Variable performance of sequential reads - Since ZFS does block-level copy-on-write for all writes, the physical layout of a file will tend to become random over time for files that are updated randomly. Normal RDBMS operations such as the updating of tables and indexes characteristically result in such random writes. As a consequence, the performance of database queries that do sustained large sequential reads (including "full table scans", "full index scans", or CREATE INDEX operations) can deteriorate over time as the database is updated. Simple ad-hoc or utility queries such as SELECT COUNT (*) from a non-indexed table commonly cause such sustained sequential I/O demand. The worst case impact varies inversely with the ZFS record size, thus posing a tradeoff between the performance of random reads and the performance of sequential reads in relation to the degree of potential fragmentation.
http://developers.sun.com/solaris/docs/wp-oraclezfsconfig-0510_ds_ac2.pdf
Backups:
Copy operations, like backups, are similar to a full scan, long logical sequential reads and
are also subject to IOPS inflation as compared to traditional file system storage.
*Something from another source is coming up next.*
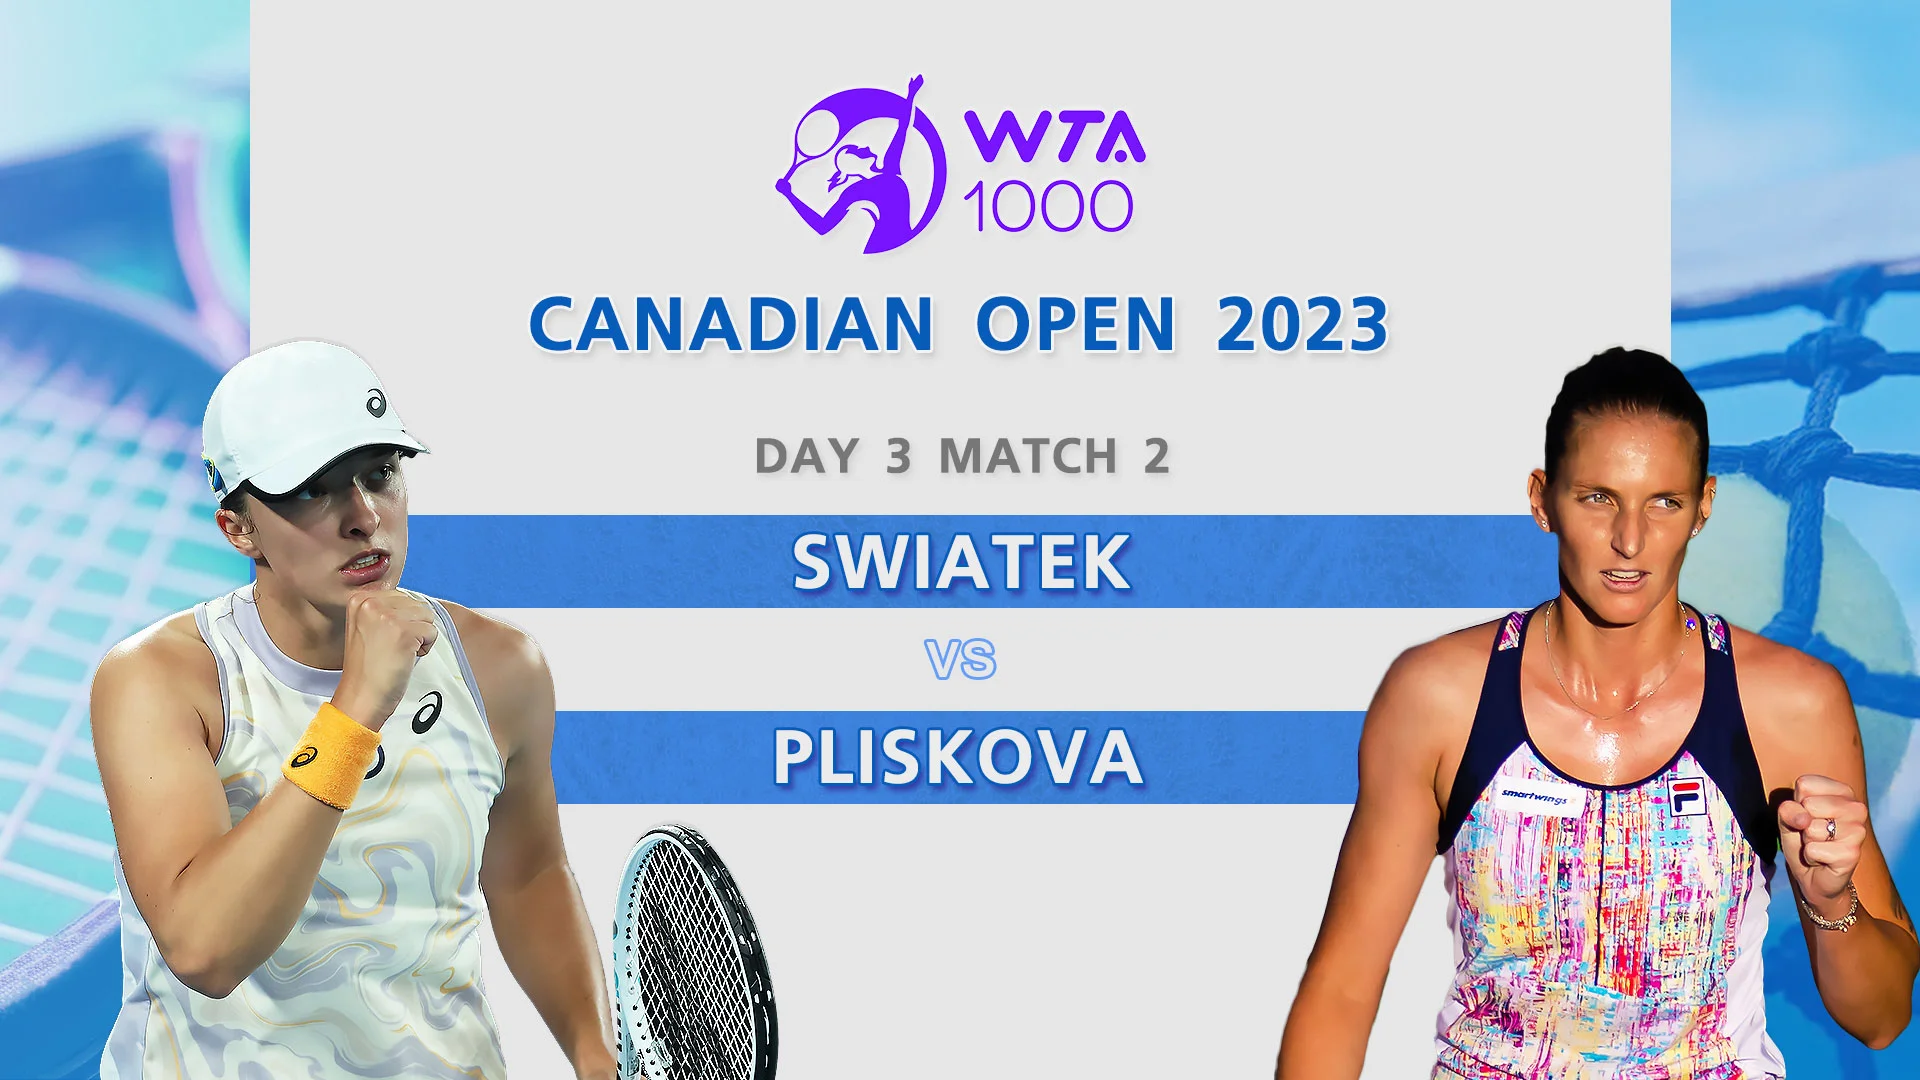 WTA 1000 Canadian Open 2023 013Day 3 Match 2 Swiatek VS Pliskova 10

The
elapsed time for a database backup can be due to the copy-on-write evolution
of the on-disk format for data files. Copying the data files, although cumbersome, might
help to relocate the blocks into a more continuous physical layout, particularly if the
pool is left with a minimum of free disk blocks.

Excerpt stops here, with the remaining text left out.